The Institute for Marketecology (IMO) will be one of three third-party certifiers for the Whole Trade Guarantee program at Whole Foods, which aims to help end poverty in developing countries through the payment of honest, respectable prices for products headed for its stores.
The IMO said its Fair For Life certification program offers the prospect of fairtrade certification to an array of materials and products for which it previously did not exist, including multi-ingredient products and wild harvested produce.
IMO said: “Many important commodities from genuine fairtrade projects in developing countries can presently not be certified under the system adopted by the Fairtrade Labeling Organization since FLO has not yet developed the respective product standards.

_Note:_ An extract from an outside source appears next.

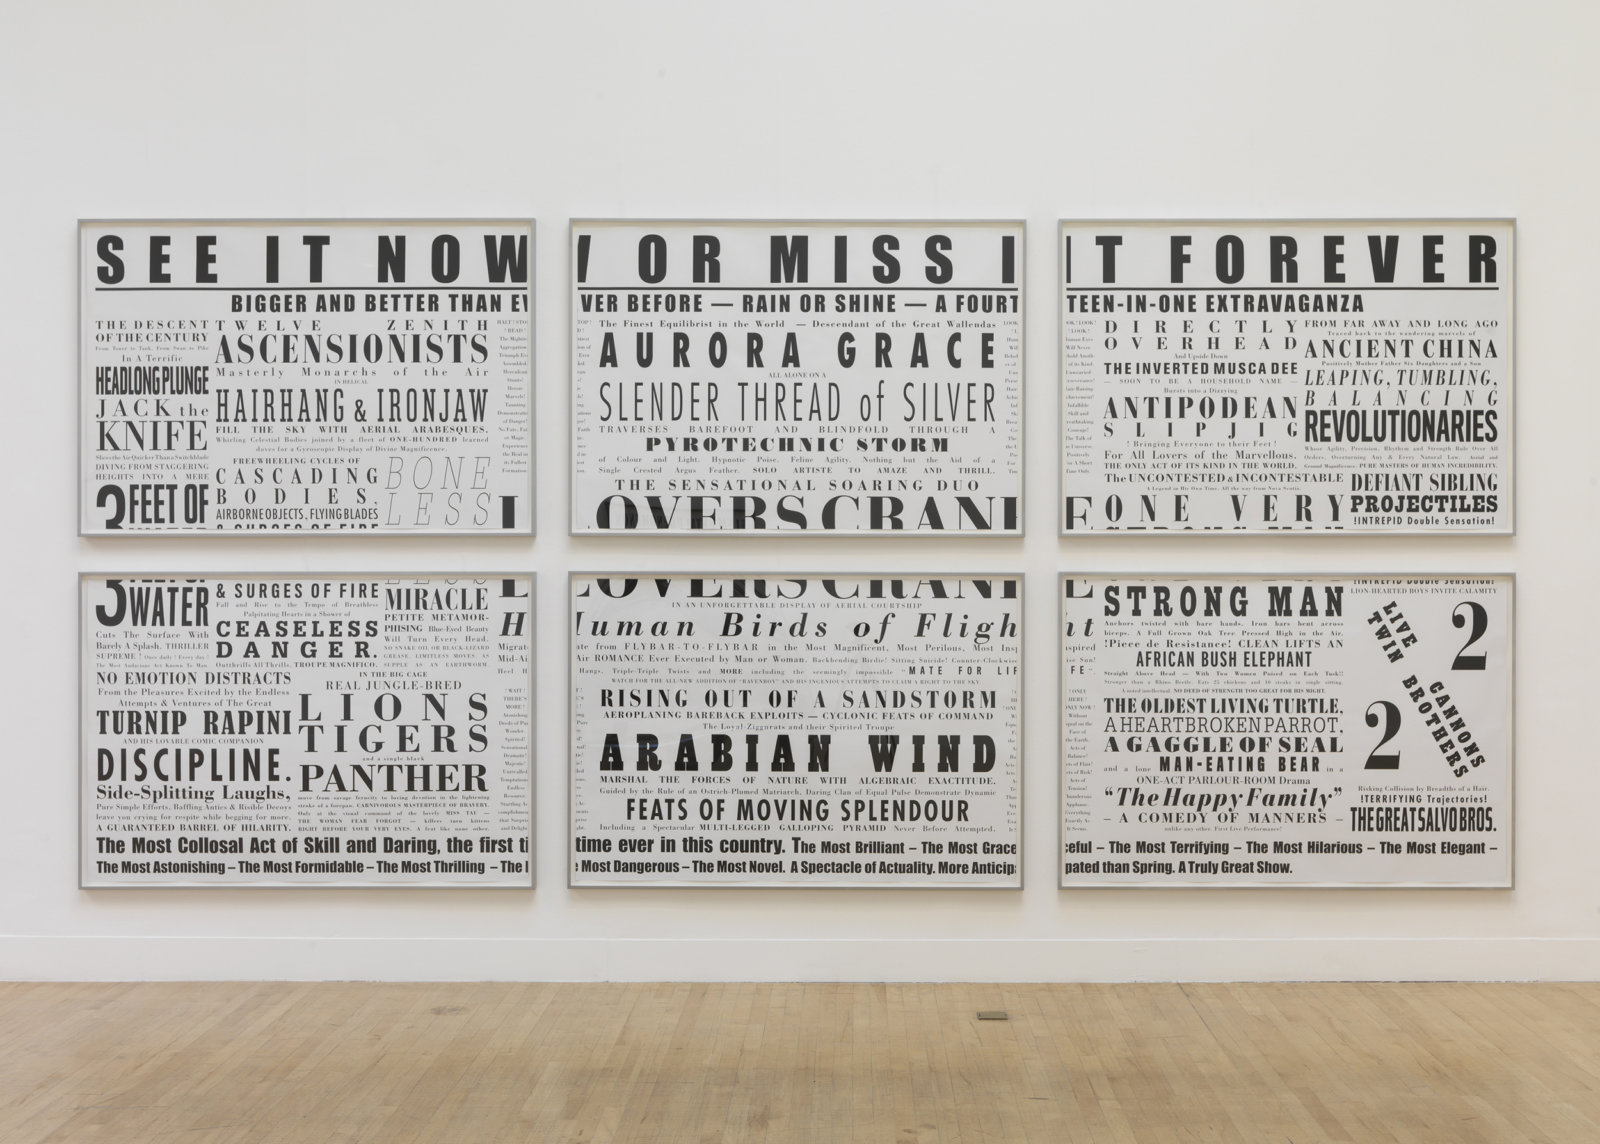 Janice Kerbel, Remarkable: Three Ring!, 2010, 6 pan­elled silkscreen prints on cam­paign poster paper, each 42 x 62 in. (107 x 158 cm). Installation view, Art Now: Janice Kerbel, Tate Britain, London, UK, 2010

“Examples include olive oil from the West Bank and Israel, coconut oil from Asia and Africa, palm oil from Africa, apples from small-scale farmers in remote areas of South America, and most aromatic plants used in cosmetics and nutritional food.”
The Fair For Life certification, which was introduced in 2006, is part of the IMO Social & FairTrade Programme and is based on several sets of key baseline standards, such as the ILO conventions, FLO Fairtrade standards, SA8000, and IFOAM Social Criteria.
It says that it allows for “meaningful certification” of multi-ingredient products by using content rules that are modeled after those for organic products and by reviewing all critical steps in the value chain.
Companies with Fair for Life certification are also offered incentives for continuous improvement of social and trade conditions.
The ILO said Fair For Life was a “ brand neutral, third-party certification program for social accountability and fairtrade to complement existing fairtrade certification systems”.
Logos and labels
The Fair Trade Federation of North America offers guidance on how to know if a particular product or business is fair trade.
It states: “There are two types of organizations involved in fair trade. Some certify specific commodities, regardless of to whom they are sold; others screen organizations for their full commitment to fair trade, regardless of what products they sell.
“Member organizations of the Fair Trade Federation usually display the FTF logo on their business materials, are listed on the FTF website, and may have the words “Member of the Fair Trade Federation” on their products.
“The Fairtrade Labelling Organization and its North American affiliates, TransFair USA and TransFair Canada, allow their label on the products they have certified.”